Provided material: Begin

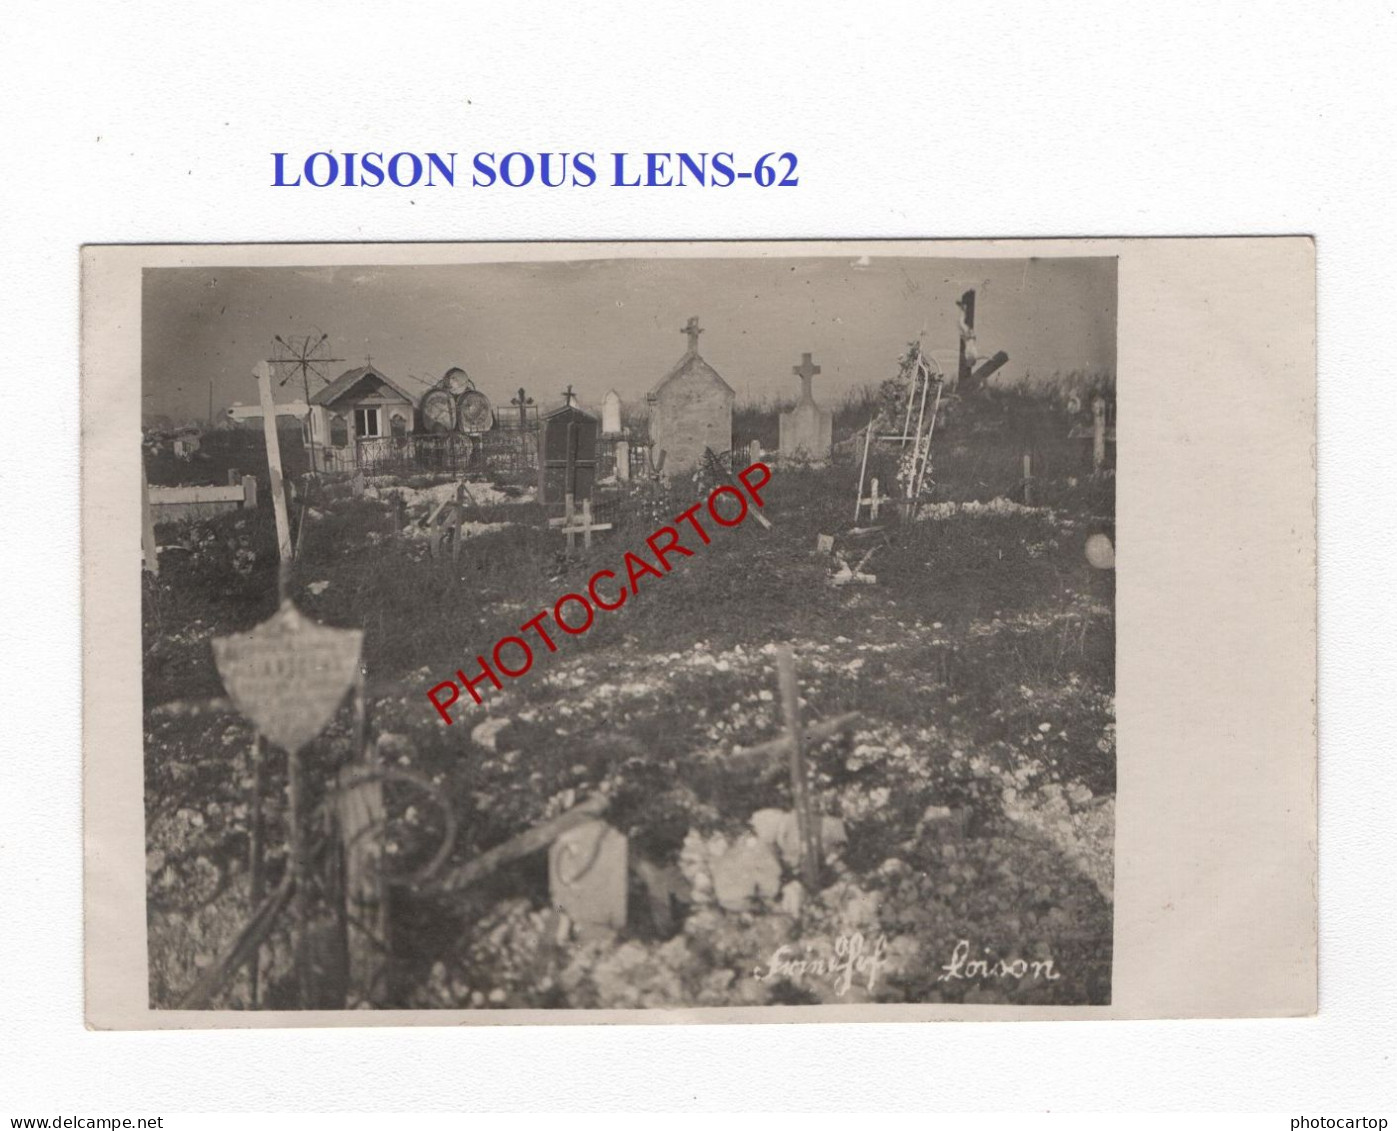 LOISON SOUS LENS-62-Cimetiere-Tombes-CARTE PHOTO Allemande-GUERRE 14-18-1 WK-MILITARIA- - Oorlogsbegraafplaatsen
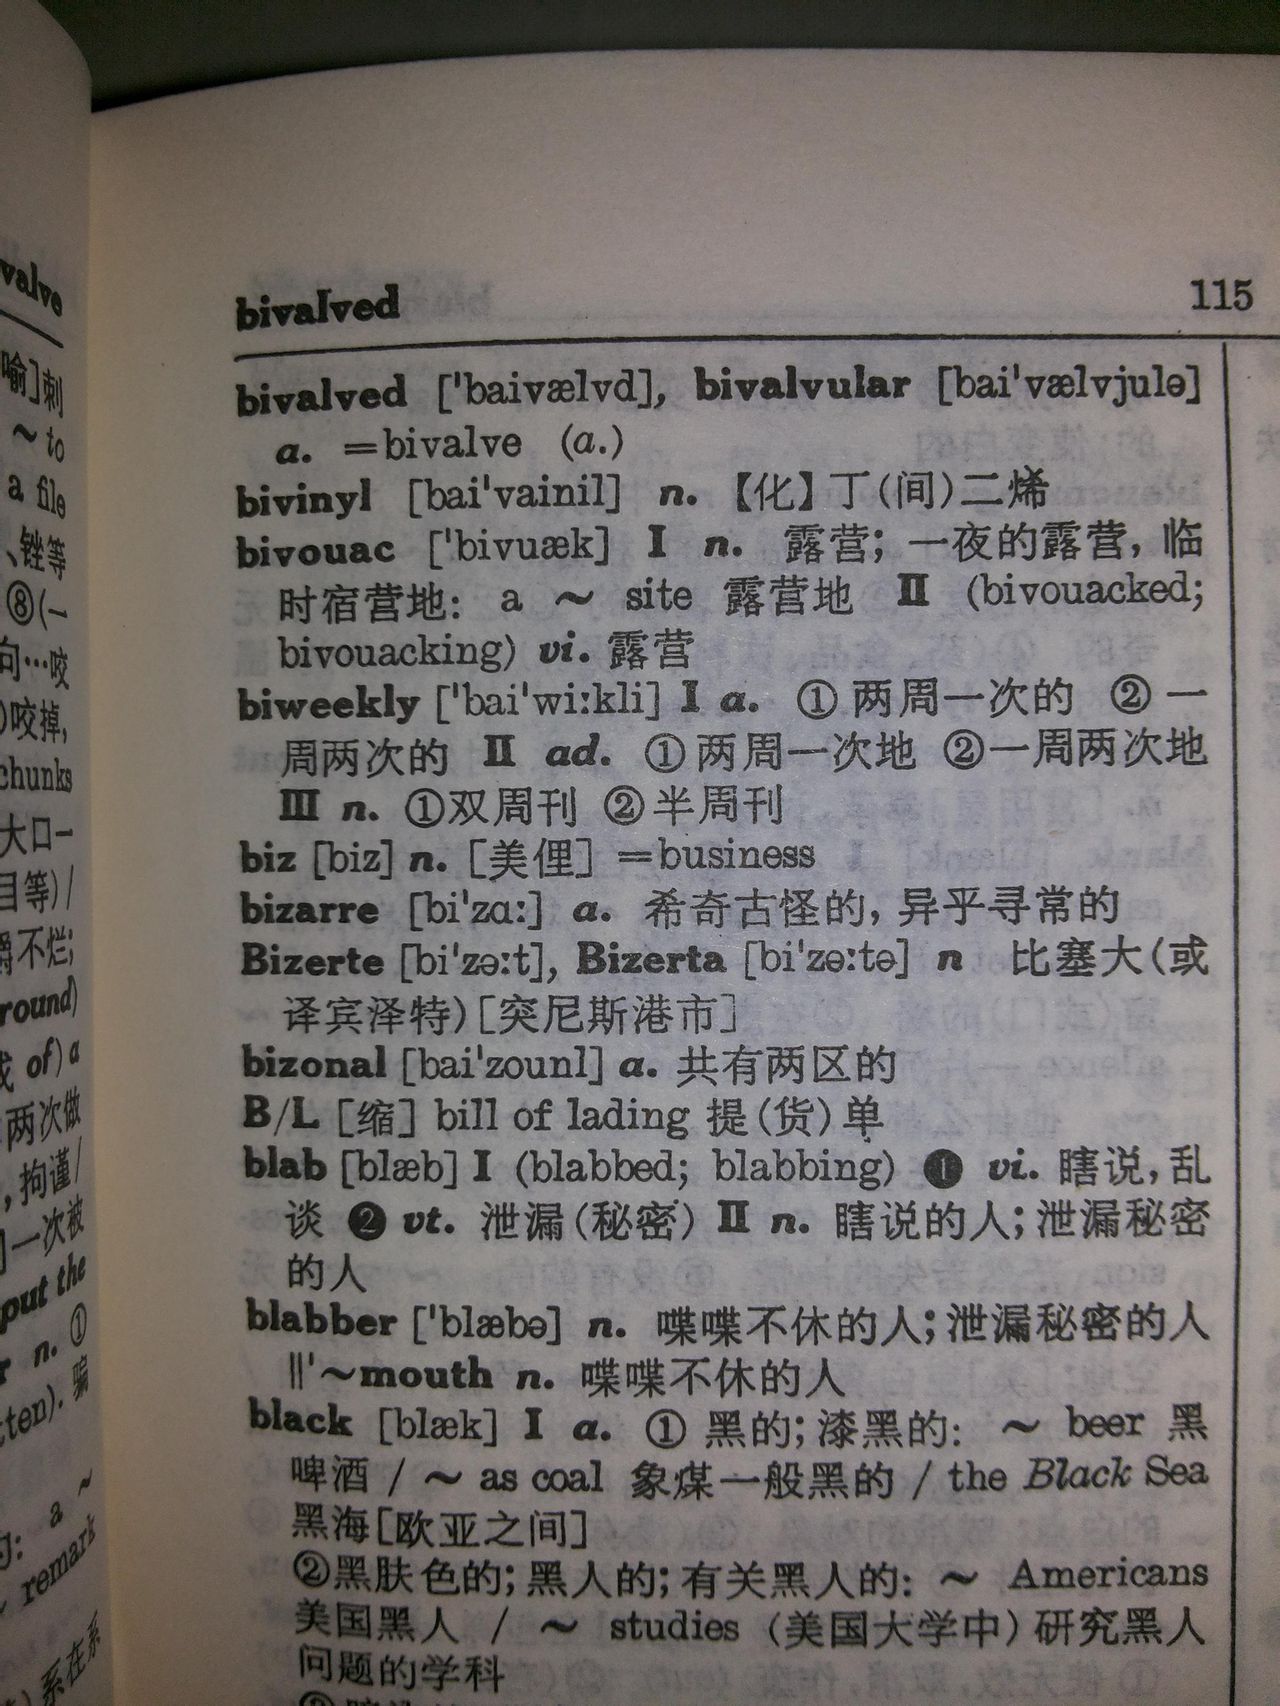 英漢詞典對biz的解釋
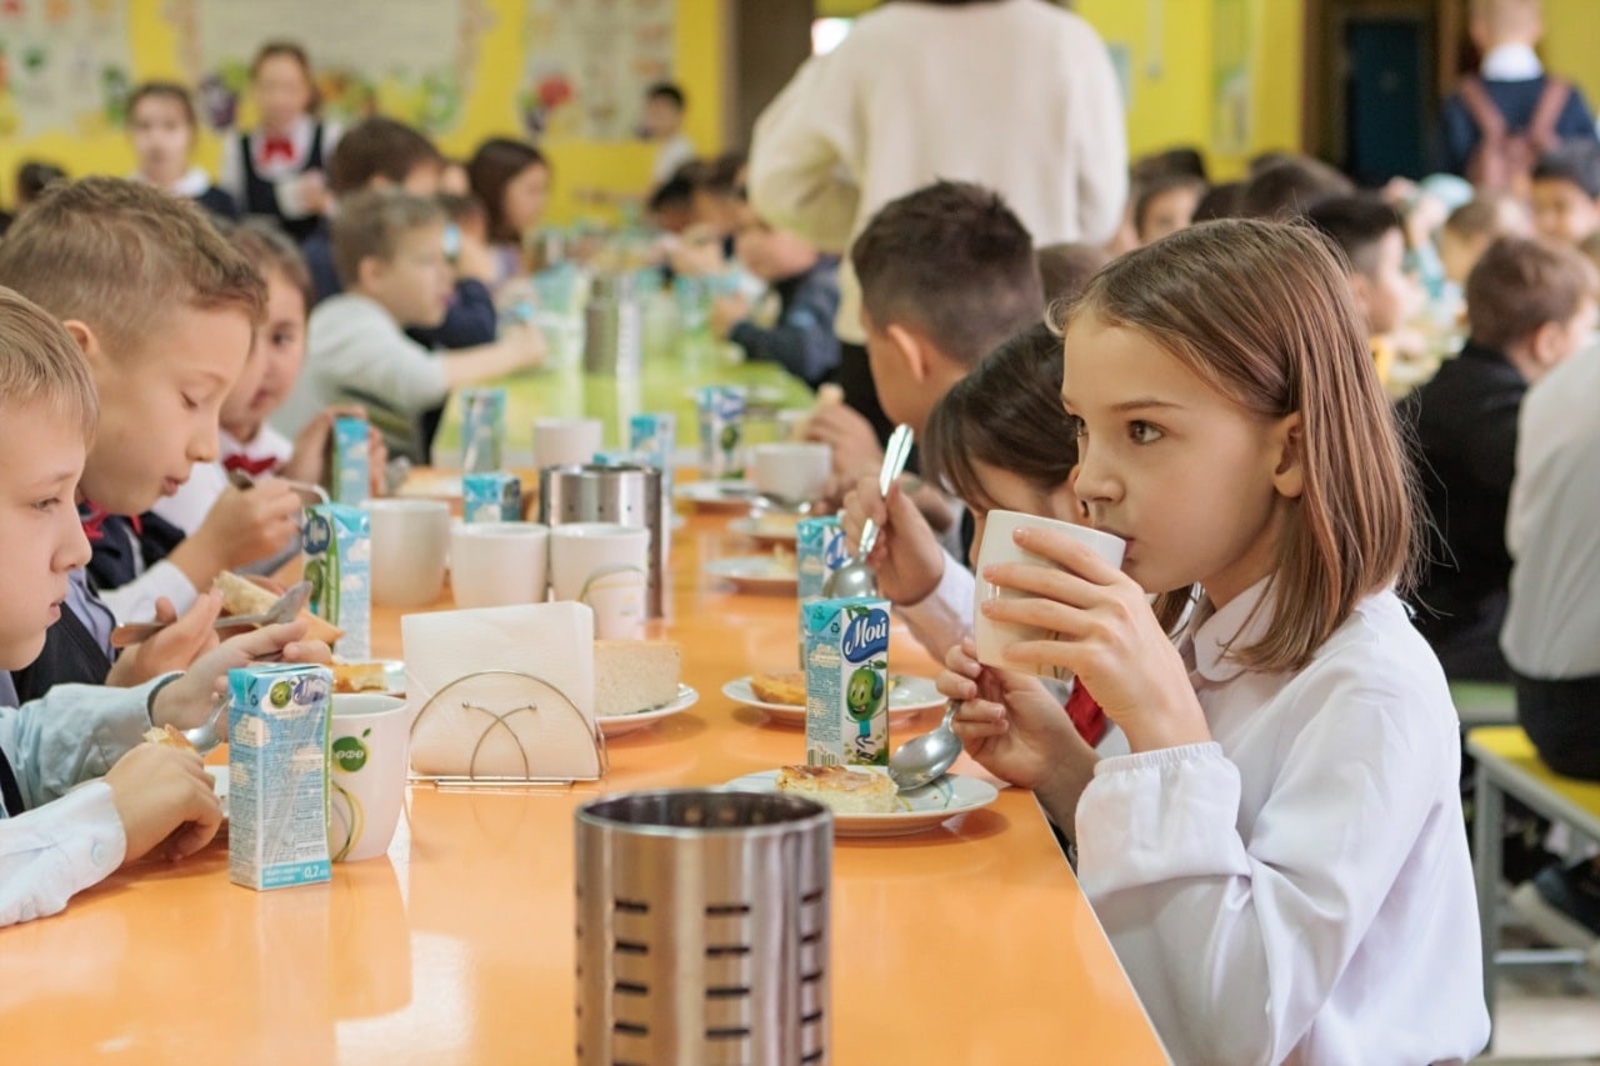 В Башкирии три года совершенствуют систему школьного питания. Что сделано?

Provided material: End

[Exercise instructions] Reproduce the listing above exactly, but skip the pictures.

[Written response]
 LOISON SOUS LENS-62-Cimetiere-Tombes-CARTE PHOTO Allemande-GUERRE 14-18-1 WK-MILITARIA- - Oorlogsbegraafplaatsen
 英漢詞典對biz的解釋
 В Башкирии три года совершенствуют систему школьного питания. Что сделано?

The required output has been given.